Once it is acknowledged that we have such positive duties to help others, which are not based on voluntary commitment to them, then it is hard to see how we can avoid the conclusion that we have obligations to help refugees. These obligations are part of the requirement of justice, and should not be seen as supererogatory charity. The social sacrifices made by donor or host countries in helping or admitting refugees are relatively small. 
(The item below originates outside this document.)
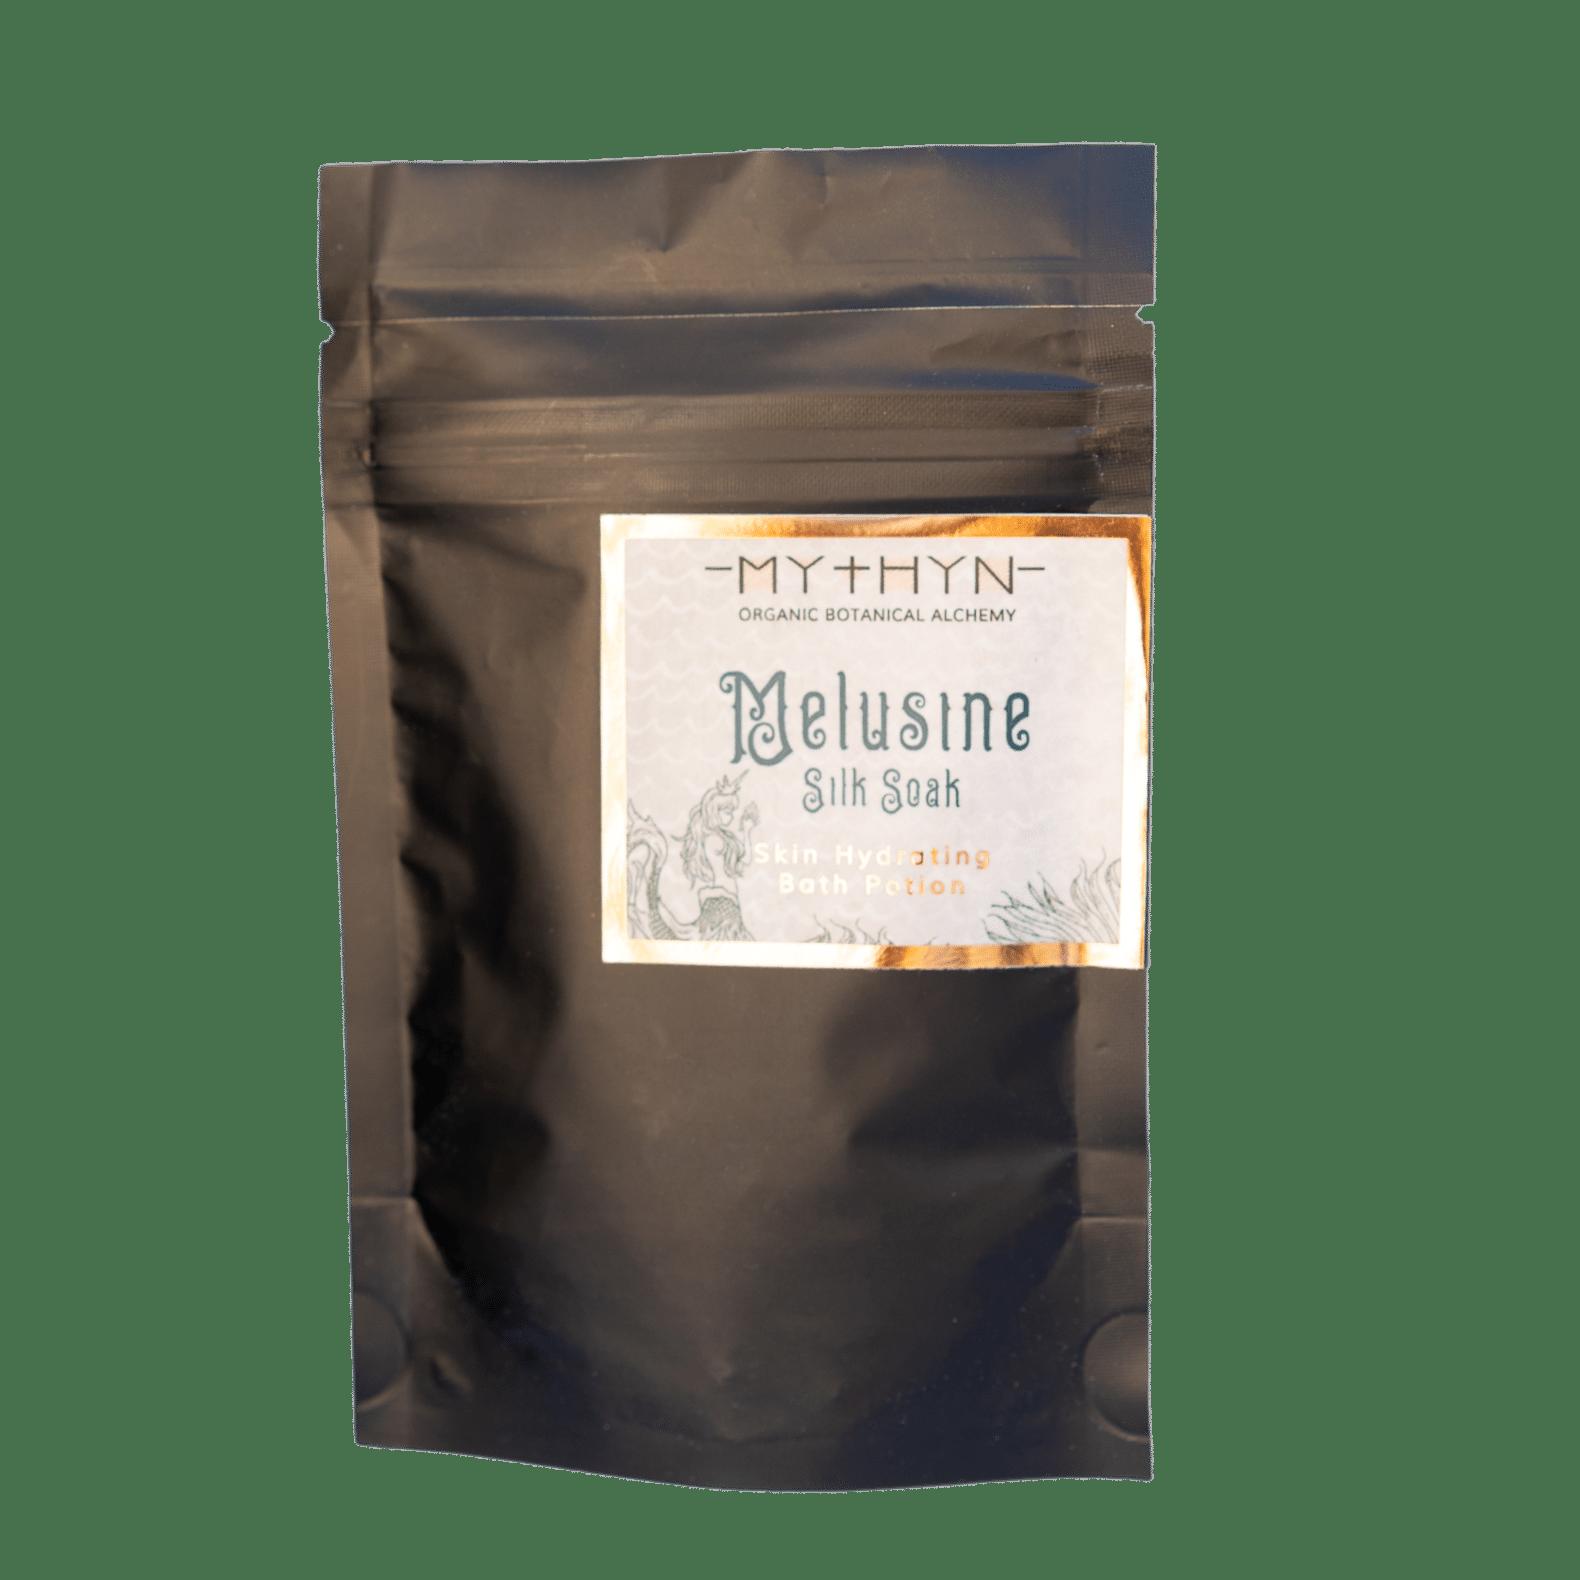 Mythyn - Melusine Silk Bath Soak Pouch 40g

As a consequence, like the child’s case, affluent nations have an obligation to rescue Eritrean refugees in Sudan, regardless of the distance, as long as they have the capacity to do so. What makes the countries’ commitment to help refugees a matter of obligation than charity is the fact that the basic interests of these refugees are at stake, as compared to the sacrifices made by the donor or host countries. As a result, I strongly believe the view that if we have the capacity to help without thereby scarifying anything morally significant, we ought to do it.